01-08-2010, 04:28 PM
hey sorry to just kinda join this
id love to do the abc thing but always end up messing it up, by like 10 cals or so either way, & then i feel bad, so eat to compensate... so. :/

Elsa
01-08-2010, 06:57 PM
Can you take over the cooking for your house? You can say that you want the whole family to be healthier and design the grocery shopping list and do the cooking. Steamed veggies are very low cal and filling so no one will go hungry.

rissa323
01-09-2010, 03:46 PM
Hi Mandi, your mom situation is so frustrating! Here's what I did when I was in high school and didn't want to eat the gross fatty food my family tried to force on me- I would complain about how much work I had for school all the time, and then ask to make a big plate of whatever they were eating and take it to my room and eat it there so I could "work on my homework". They ALWAYS let me and they never thought I was lying about eating.
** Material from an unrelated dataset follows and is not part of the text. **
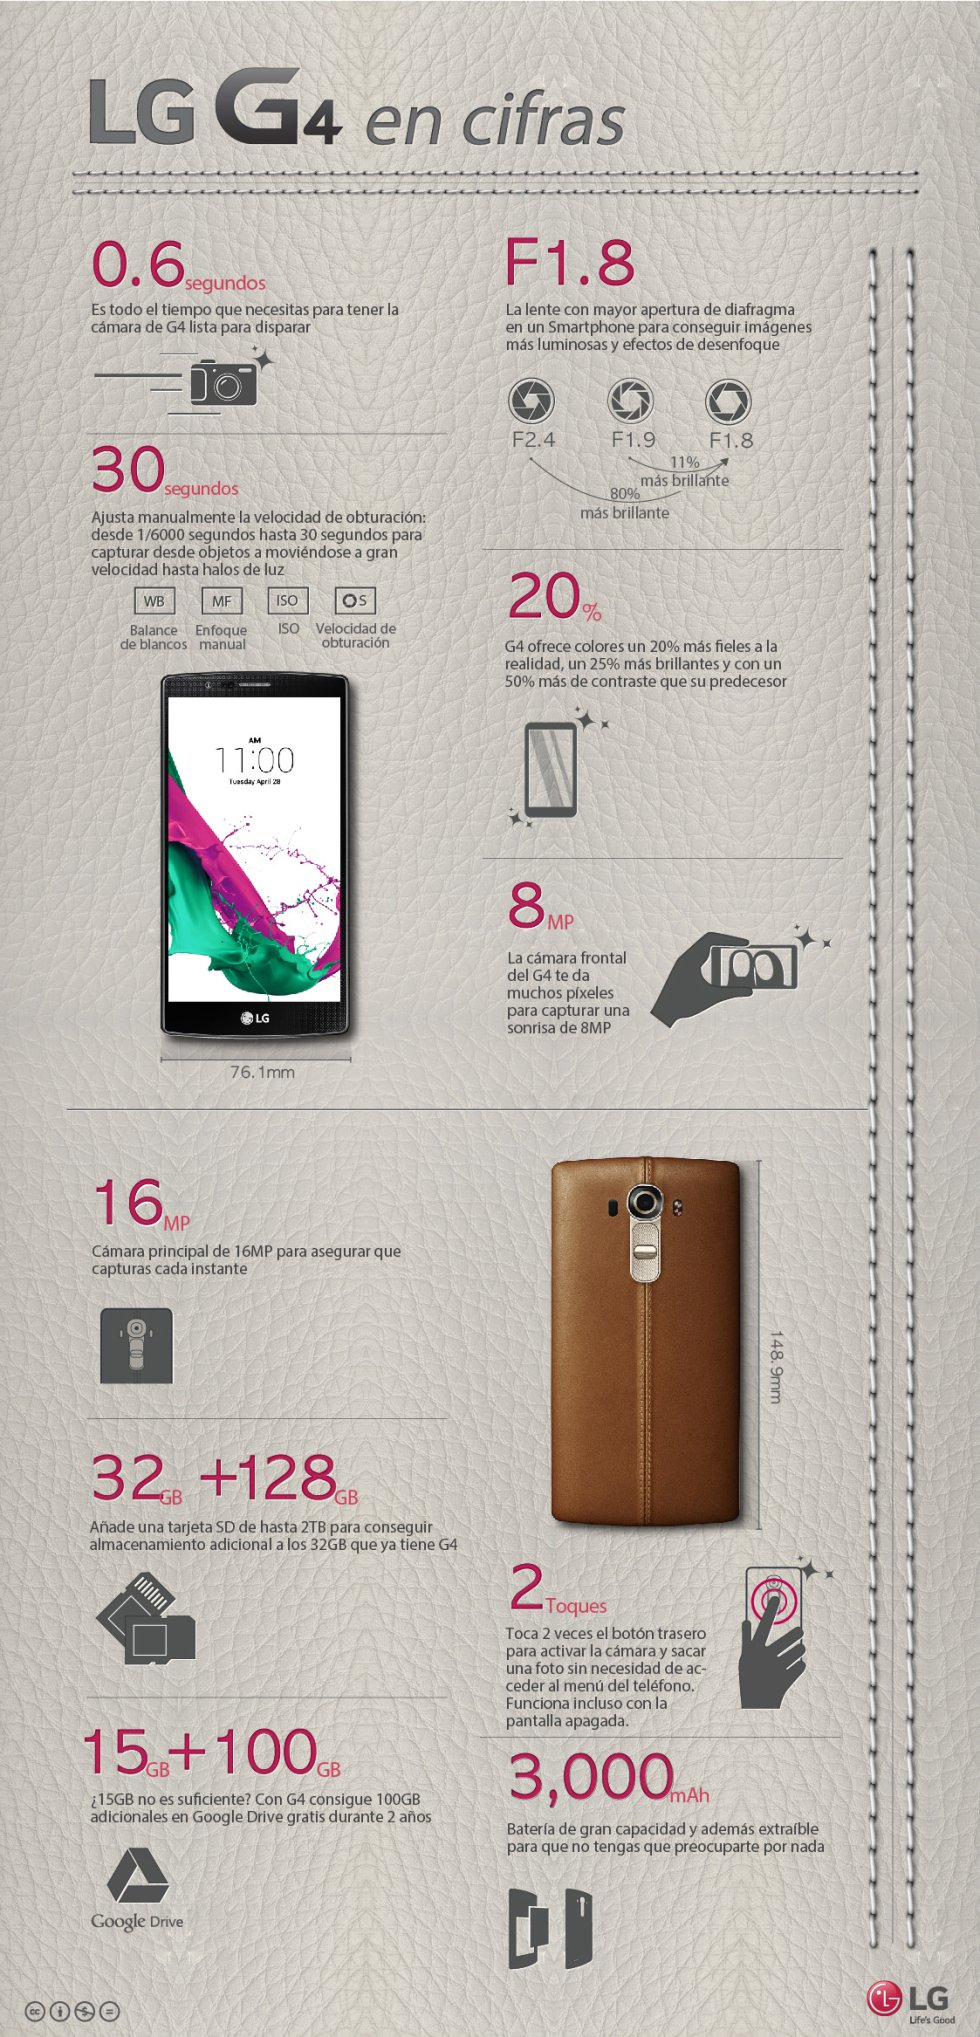 LG G4: El Smartphone más ambicioso hasta la fecha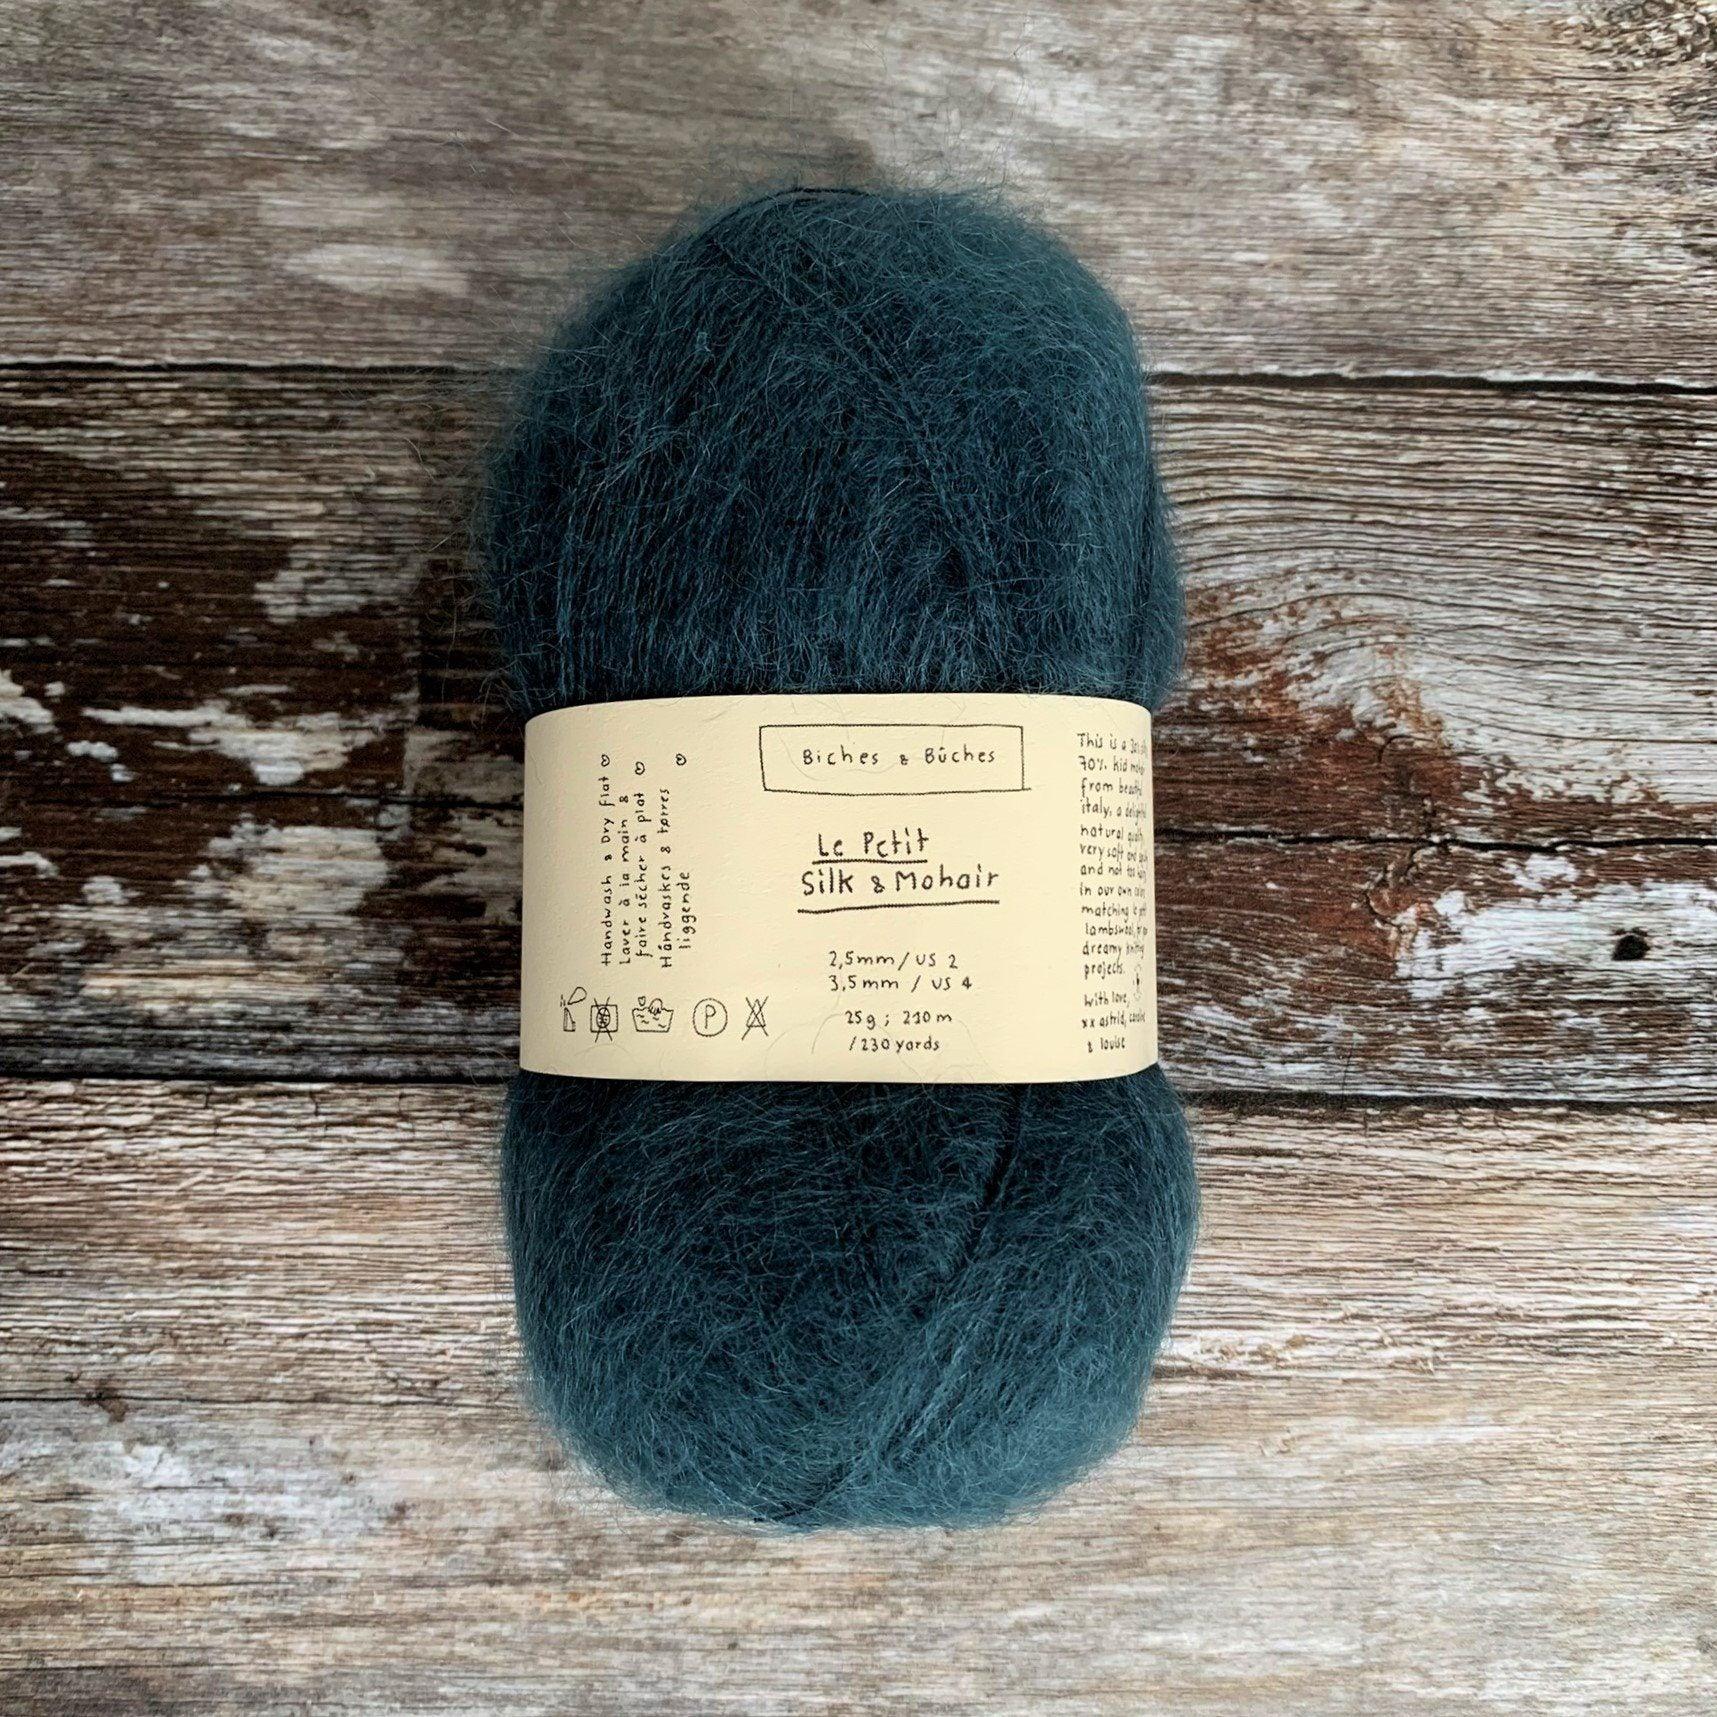 Biches & Bûches Biches & Bûches Le Petit Silk & Mohair - Dark Blue Turquoise - Lace Knitting Yarn

I would wrap the food up in paper towels or baggies that I hid in my room, always making sure to leave just a bit on the plate so it didn't look suspicious. Then after everyone had been asleep for a while, I'd sneak out and throw the food in the garbage. This worked for two years, it might work for you!

AnorexicBeauty
01-13-2010, 10:45 AM
Your doing really well... my mom is the same way with food and eating. keep up with the good work!